Employment falls more rapidly at businesses acquired by private equity groups than at comparable businesses without private equity ties, according to a new study by Steven Davis, a professor at the University of Chicago Graduate School of Business. However, businesses backed by private equity also create more new jobs at new facilities than other businesses.

“The employment response to private equity buyouts is mixed. Existing jobs at buyout targets are more likely to disappear, but the buyout targets also create more new jobs at new facilities. This pattern is consistent with the view that private equity groups act as catalysts for change in the economy,” said Davis, the William H. Abbott Professor of International Business and Economics.

The study, “Private Equity and Employment” (.pdf), was released Friday, Jan. 25 at the annual meeting of the World Economic Forum in Davos, Switzerland, as part of “The Global Economic Impact of Private Equity Report 2008.” (.pdf)
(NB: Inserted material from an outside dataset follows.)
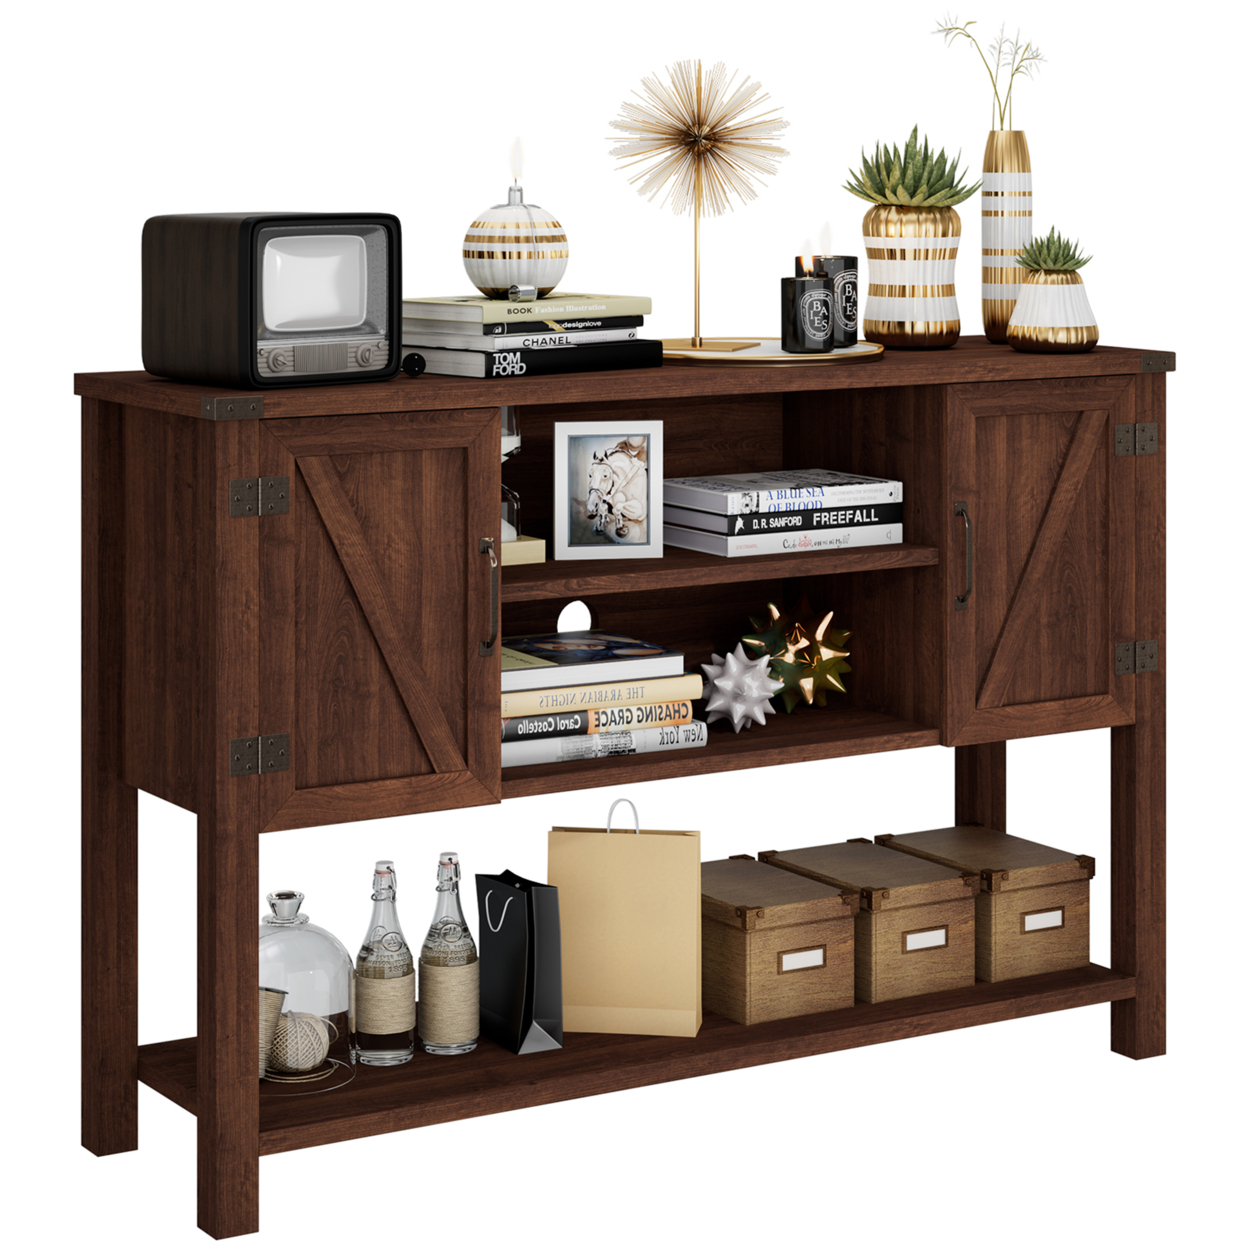 Buffet Sideboard Storage Cupboard Console Table W/ Open Shelf & Side Cabinets Brown

The report examines employment outcomes at 5,000 U.S. companies acquired by private equity groups during a 25-year period ending in 2005. These companies operated about 300,000 business establishments at the time of acquisition and employed millions of American workers.

In the first two years after acquisition, employment declined seven percent more at the facilities operated by buyout companies as of the acquisition date than at comparable companies without private equity ties. But that’s only part of the story. “One of our key findings is that firms with private equity backing create more new jobs at new facilities in the first two years after acquisition than comparable firms without private equity ties. Jobs newly created at new facilities over a two-year period post buyout amount to 15 percent of initial employment for firms with private equity backing, compared to 9 percent for firms without private-equity ties.

Private equity targets also engage in more acquisitions and more divestitures than other companies, according to the report. In the two-year period after the private equity transaction, the employment-weighted acquisition rate was 7.3 percent for target firms and 4.7 percent for other firms. The employment-weighted divestiture rate was 5.7 percent for target firms and 2.9 percent for other firms.

In addition to Davis, other authors of the report are John Haltiwanger from the University of Maryland, Ron Jarmin and Javier Miranda from the U.S. Bureau of the Census, and Josh Lerner from Harvard Business School.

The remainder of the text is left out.